Außerdem kooperiert B.O.S.S. mit der Landesvereinigung der rheinland-pfälzischen Unternehmerverbände (LVU).Deren Vorsitzender, Dr. Eberhard Schwarz, machte am 29.6.99 vor dem LVU-Unternehmertag folgende Aussagen:

Eine gute Schulausbildung sei nach wie vor unverzichtbare Voraussetzung für die berufliche Ausbildung, deren Anforderungen die Schulabgänger aber in zunehmendem Maße nicht mehr genügten. (An dieser Stelle könnte man sich die Frage stellen, ob Schule tatsächlich schlechter geworden ist. Sollte dies nicht der Fall sein, sondern sich vielmehr die Ansprüche der Wirtschaft geändert haben, bliebe noch die Frage offen, ob es tatsächlich Aufgabe der Schule ist, sich der Wirtschaft anzupassen.) Hierzu machte Prof. Dr. Zöllner (Minister für Bildung, Wissenschaft und Weiterbildung) in einer B.O.S.S.-Pressemitteilung folgende Aussage:

"[...] Schule als Teil des Gesamtsystems Gesellschaft muss sich den Anforderungen aus Wirtschaft und Gesellschaft öffnen, auf die gesellschaftlichen Veränderungen reagieren und diese vor allem auch aktiv mitgestalten.." B.O.S.S. solle in diesem Zusammenhang Orientierungshilfe bei grundlegenden Fragen wie der Berufswahl, der Ausbildung und der Erwerbstätigkeit geben.

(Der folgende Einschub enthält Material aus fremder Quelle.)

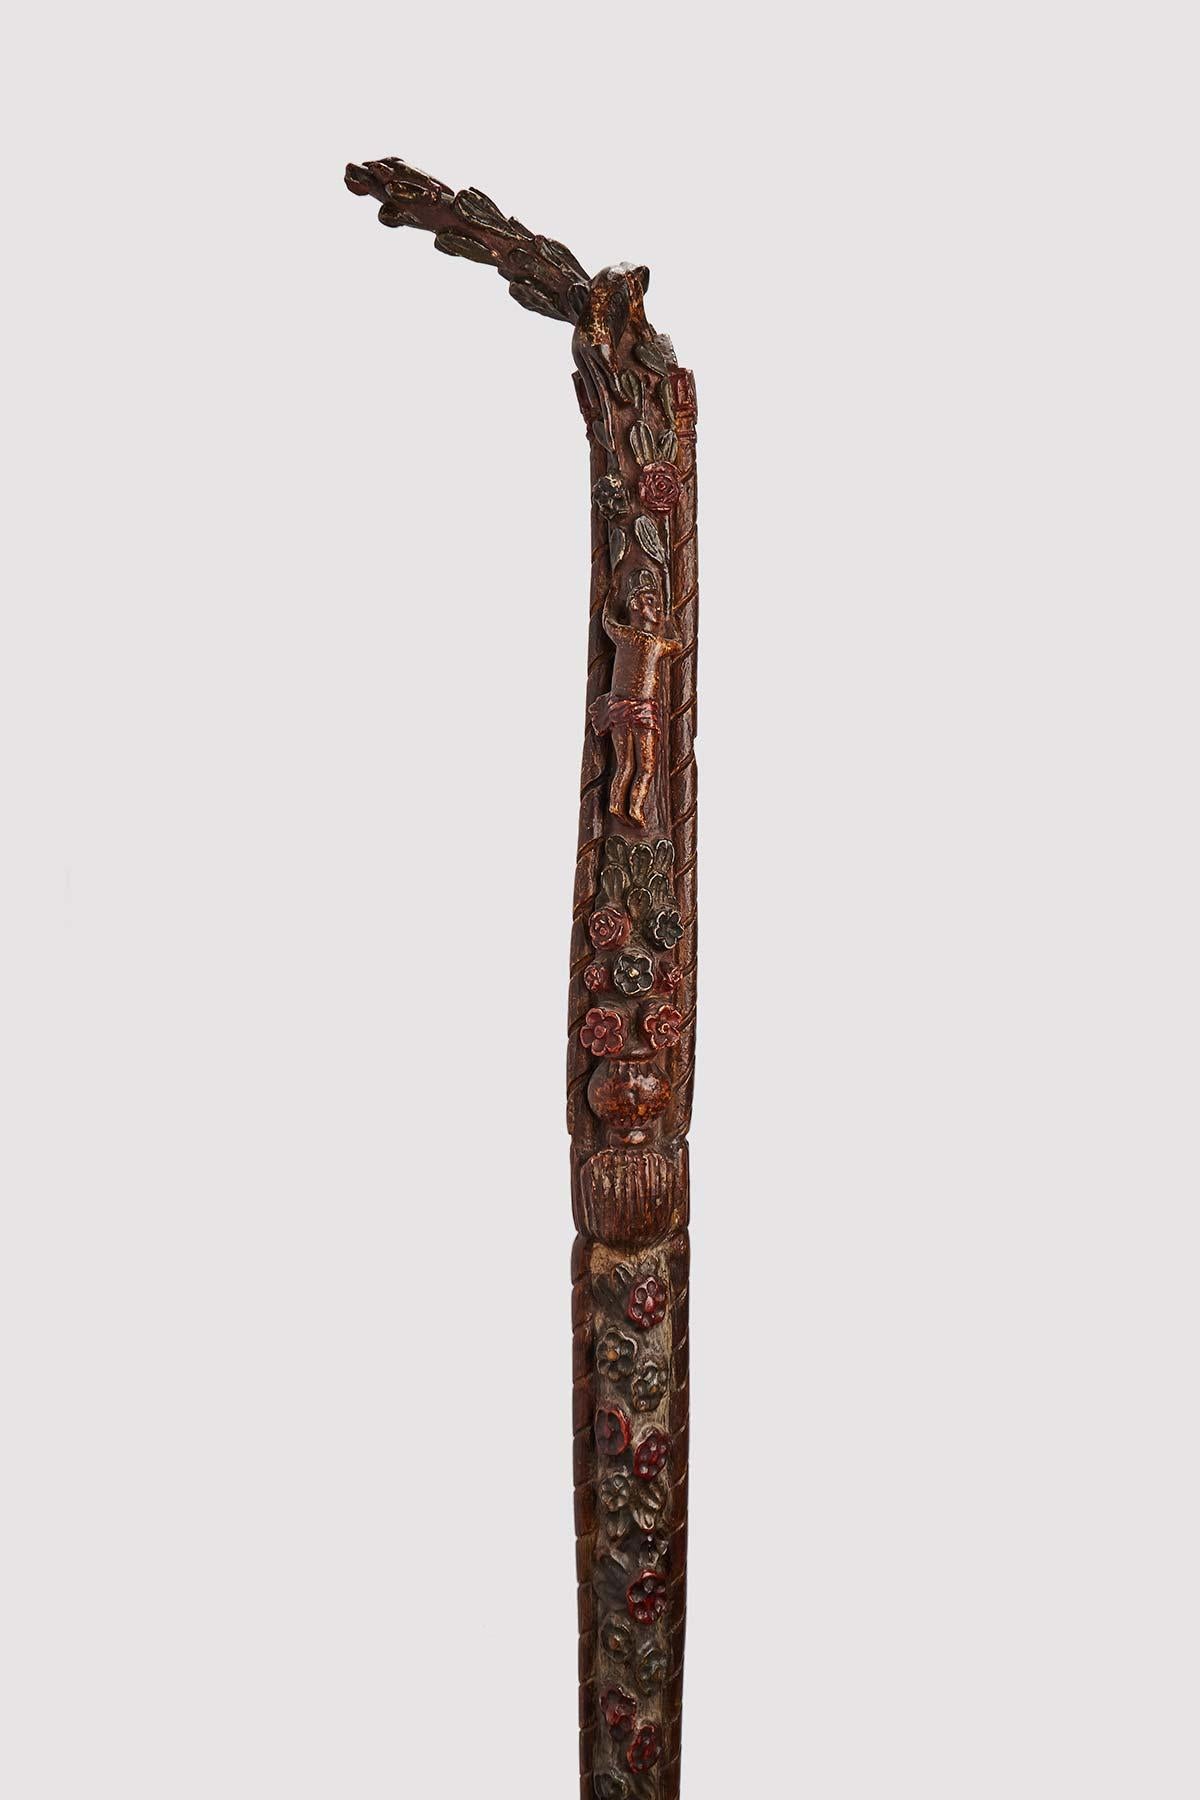 Stock der Volkskunst: einzigartiges Stück aus geschnitztem und geschnitztem Holz, sehr hoch, weinrot lackiert, mit Blumen und Figuren. Russland um 1830.

Vor diesem Hintergrund unterstützten die Unternehmerverbände die Absicht Dr. Zöllners, ein Qualitätsmanagement im deutschen Schulsystem einzuführen. Dies bedeutet schulinterne Maßnahmen, wie Hilfen zur Unterrichts-, Personal- und Organisationsentwicklung mit entsprechenden Angeboten in der Beteiligung der Schulen bei der Auswahl der Lehrkräfte bis hin zur Lehrerausbildung und Qualifizierung deer Schulleitungen.

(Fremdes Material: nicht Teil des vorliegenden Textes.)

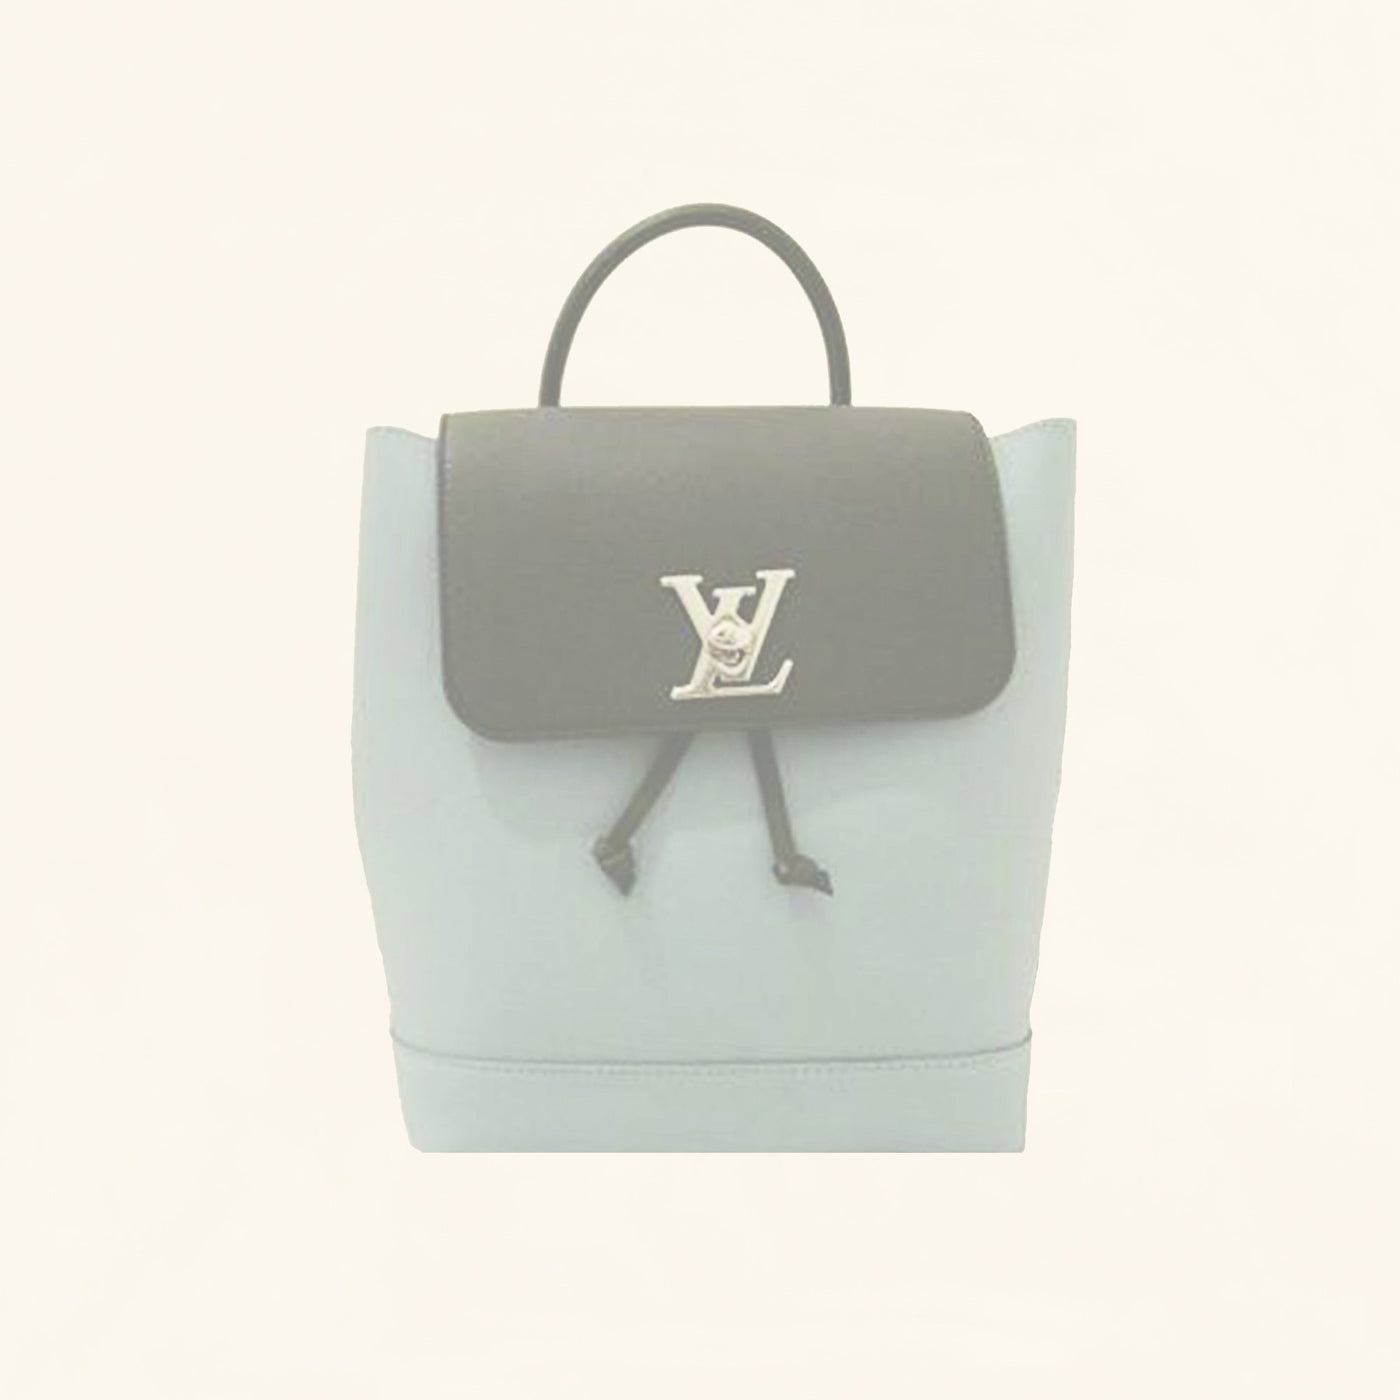 Louis Vuitton — An Eco-Responsible Collection

Darüber hinaus ist - neben diesen schulinternen Maßnahmen - eine externe Überprüfung der Ergebnisse vorgesehen; dabei sollen auch Leistungstests Bestandteil des Konzepts sein.

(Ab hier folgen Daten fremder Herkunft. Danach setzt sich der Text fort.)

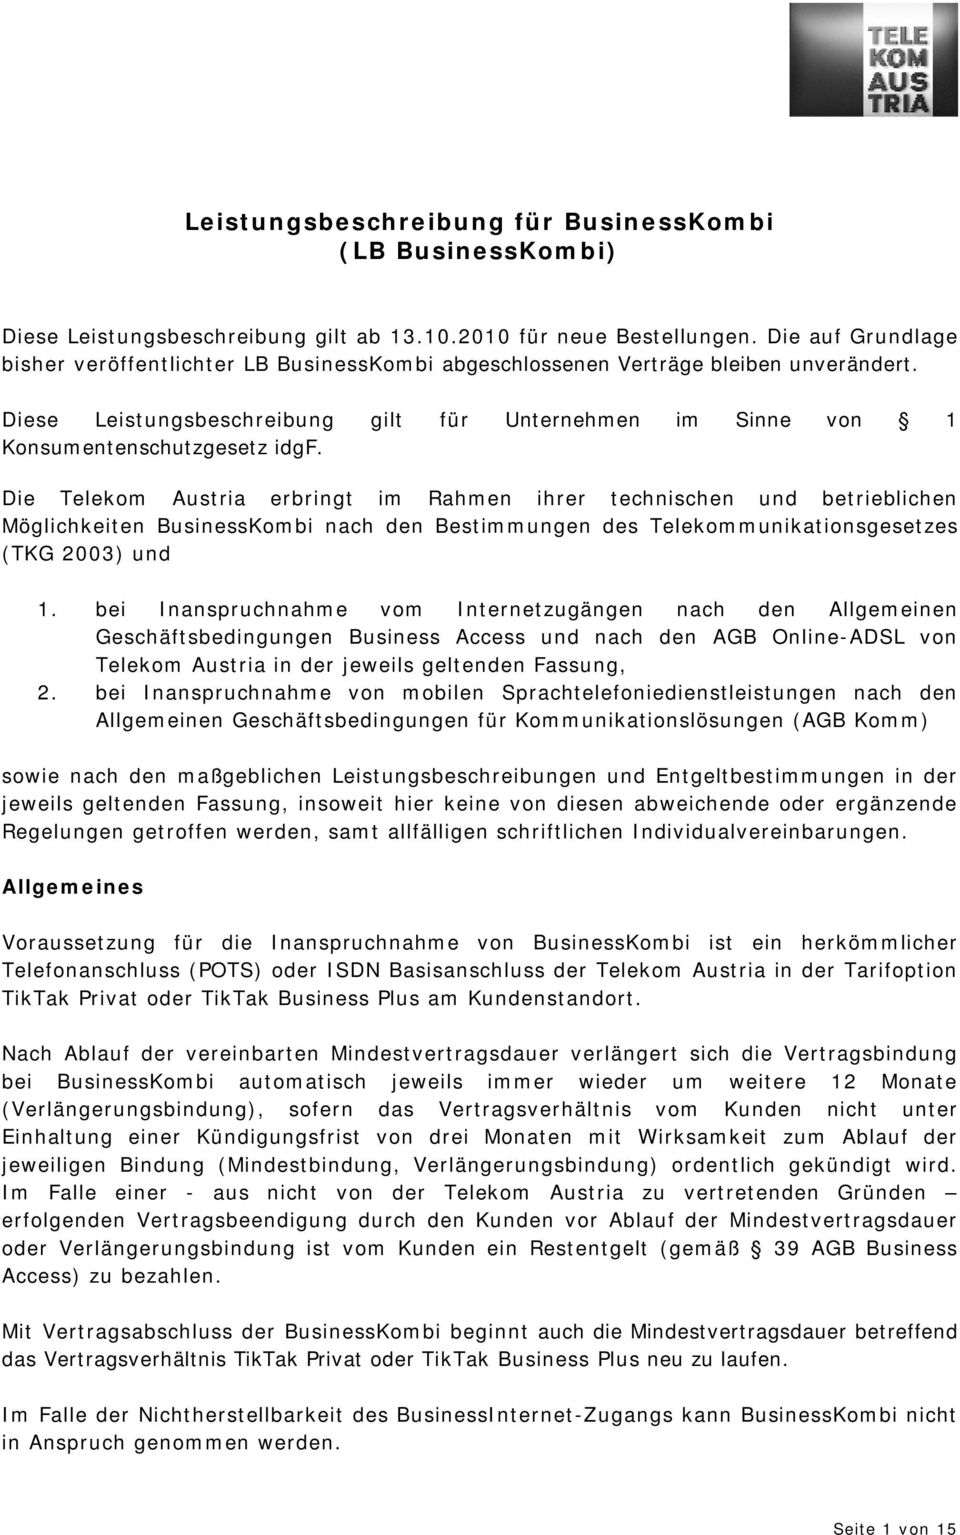 Die Telekom Austria erbringt im Rahmen ihrer technischen und betrieblichen Möglichkeiten BusinessKombi nach den Bestimmungen des Telekommunikationsgesetzes (TKG 2003) und 1.

Meiner Meinung nach ist es durchaus berechtigt, Schule als Teil des Gesamtsystems Gesellschaft zu sehen, denn dass sie nicht in einem Vakuum existieren kann, steht außer Frage. Eine ganz andere Sache ist es aber, Wirtschaft und Gesellschaft gkeichzusetzen.

Hier stellt sich wieder die grundsätzliche Frage:

 

Was kann und soll Schule eigentlich leisten?